Resolves and returns the direct download link for a specified item URL from Library Genesis.

- **Parameters**:
  - **`url` (str, required)**: The URL of the Library Genesis page containing the item to be downloaded.

- **Returns**: A direct download link for the specified item, or `None` if the download link cannot be resolved.

---

#### `filtered(metadata, title='', authors='', language='', year='', publisher='')`

Filters a metadata list based on specified criteria, allowing further refinement of search results.

- **Parameters**:
  - **`metadata` (list, required)**: The metadata list returned by `get_metadata()`.
  - **`title` (str, optional)**: Filters results to include only items with titles that contain this string.
  - **`authors` (str, optional)**: Filters results to include only items with authors matching this string.
  - **`language` (str, optional)**: Filters results to include only items with languages matching this string.
  - **`year` (str, optional)**: Filters results to include only items published in this year.
  - **`publisher` (str, optional)**: Filters results to include only items from this publisher.

- **Returns**: A filtered list of metadata dictionaries based on the specified criteria.

---

### Static Methods for Search Parameters

The following static methods help create parameter filters to use with the `search()` method.

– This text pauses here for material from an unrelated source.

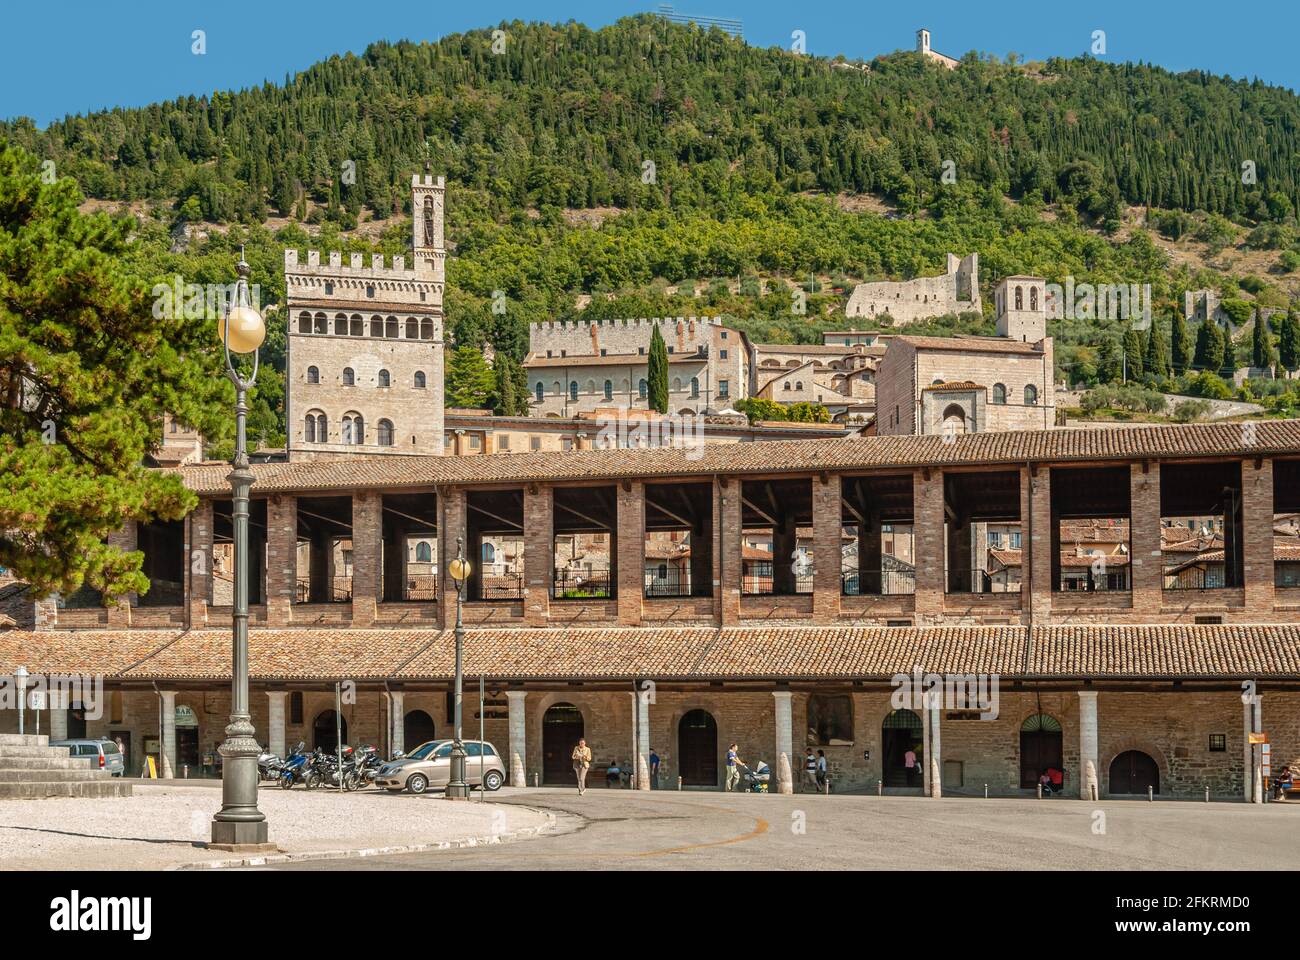 Loggia dei Tiratori in the old town of Gubbio, Umbria, Italy Stock Photo

#### `search_fields(title=False, authors=False, series=False, year=False, publisher=False, isbn=False)`

Constructs a list of search field filters to be applied in a search. By default, no fields are filtered unless specified.

- **Parameters**:
  - **`title` (bool, optional)**: Filter by title field if `True`.
  - **`authors` (bool, optional)**: Filter by author field if `True`.
  - **`series` (bool, optional)**: Filter by series field if `True`.
  - **`year` (bool, optional)**: Filter by publication year if `True`.
  - **`publisher` (bool, optional)**: Filter by publisher field if `True`.
  - **`isbn` (bool, optional)**: Filter by ISBN field if `True`.

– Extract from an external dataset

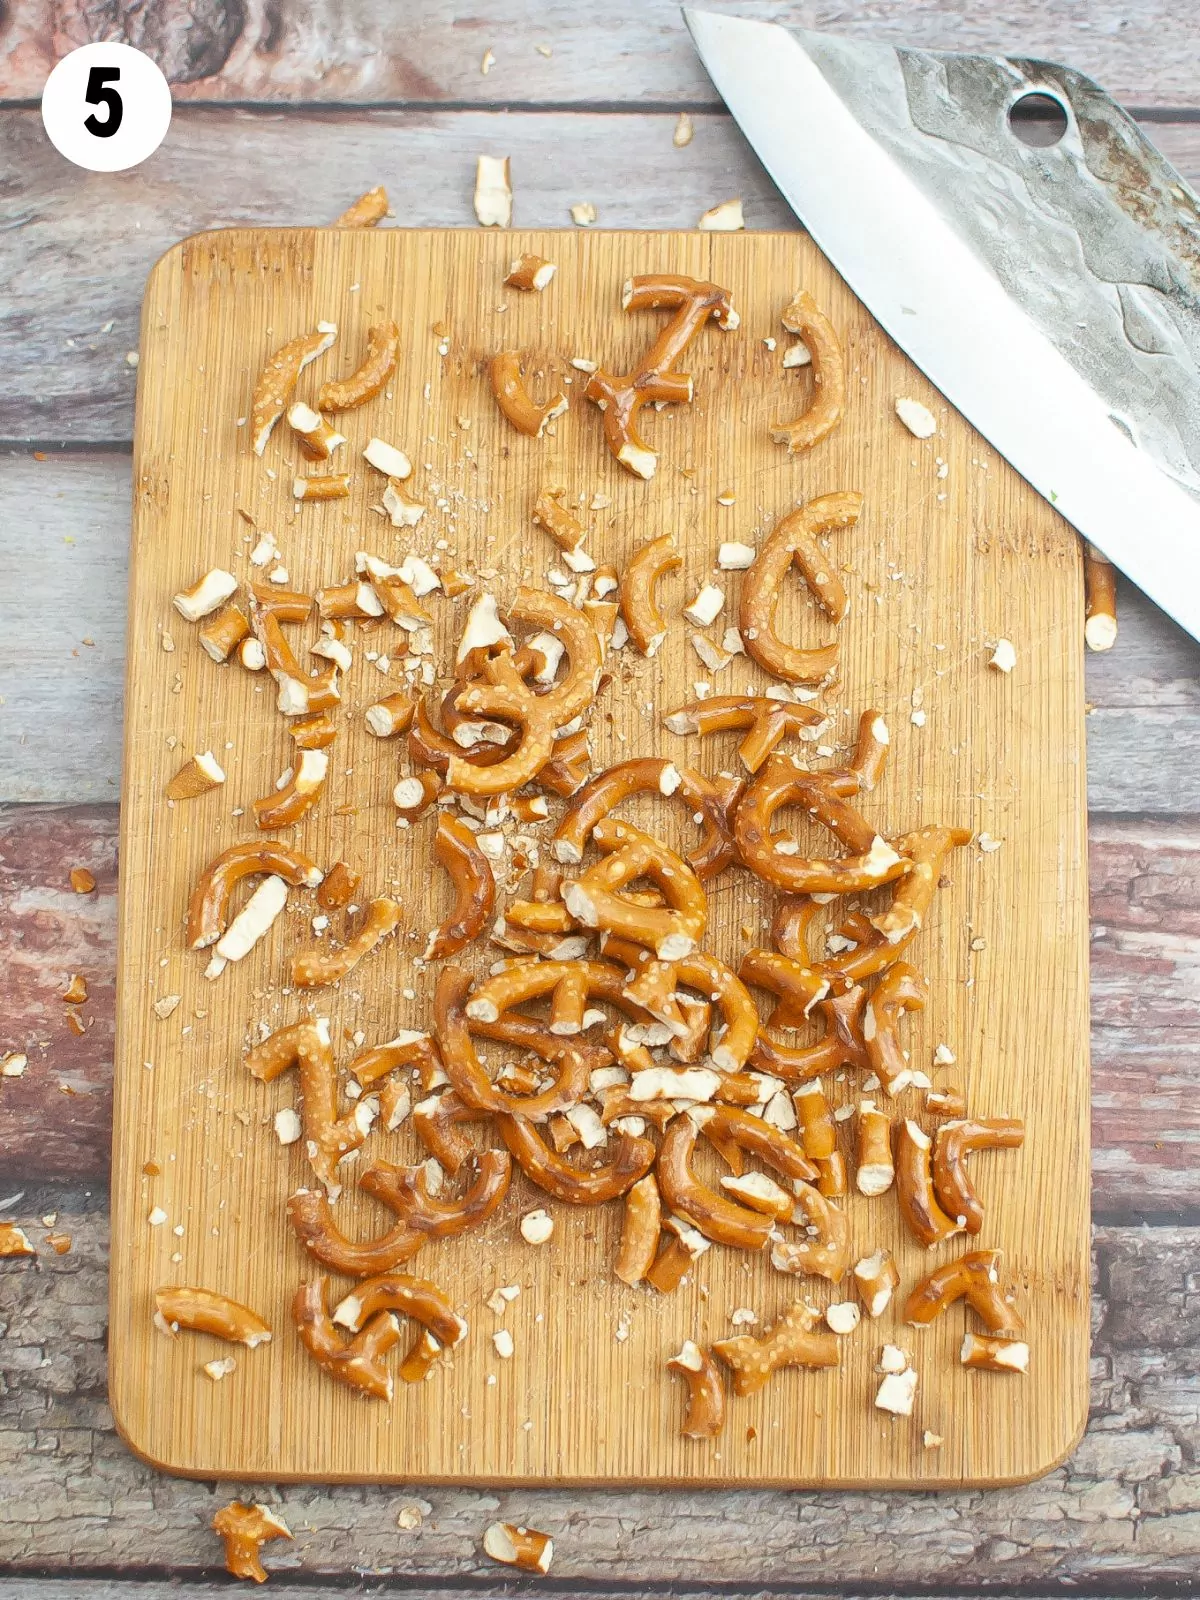 chopped pretzels on cutting board.

- **Returns**: A list of field filter strings to be used as the `search_by` parameter in the `search()` method.

#### `search_categories(libgen=False, comics=False, fiction=False, scientific_articles=False, magazines=False, fiction_russian=False, standards=False)`

Constructs a list of category filters to use in a search, allowing for more specific results based on content type.

- **Parameters**:
  - **`libgen` (bool, optional)**: Include the general Library Genesis database if `True`.
  - **`comics` (bool, optional)**: Include comics in the search if `True`.
  - **`fiction` (bool, optional)**: Include fiction books in the search if `True`.
  - **`scientific_articles` (bool, optional)**: Include scientific articles in the search if `True`.
  - **`magazines` (bool, optional)**: Include magazines in the search if `True`.
  - **`fiction_russian` (bool, optional)**: Include Russian fiction if `True`.
  - **`standards` (bool, optional)**: Include standards and technical documents if `True`.

- **Returns**: A list of category filter strings to be used as the `categories` parameter in the `search()` method.

### Error Handling

The library logs and handles common errors to ensure stable scraping and session management, including:

- **Request Errors**: HTTP errors are caught and logged to prevent interruptions.
- **Parsing Errors**: Any errors during HTML parsing are logged, allowing the library to continue functioning without breaking.

## Contributing

Contributions are welcome! If you have suggestions for improving `researchme`, please submit a pull request or open an issue.

## License

`researchme` is licensed under the MIT License. See the [LICENSE](LICENSE) file for more details.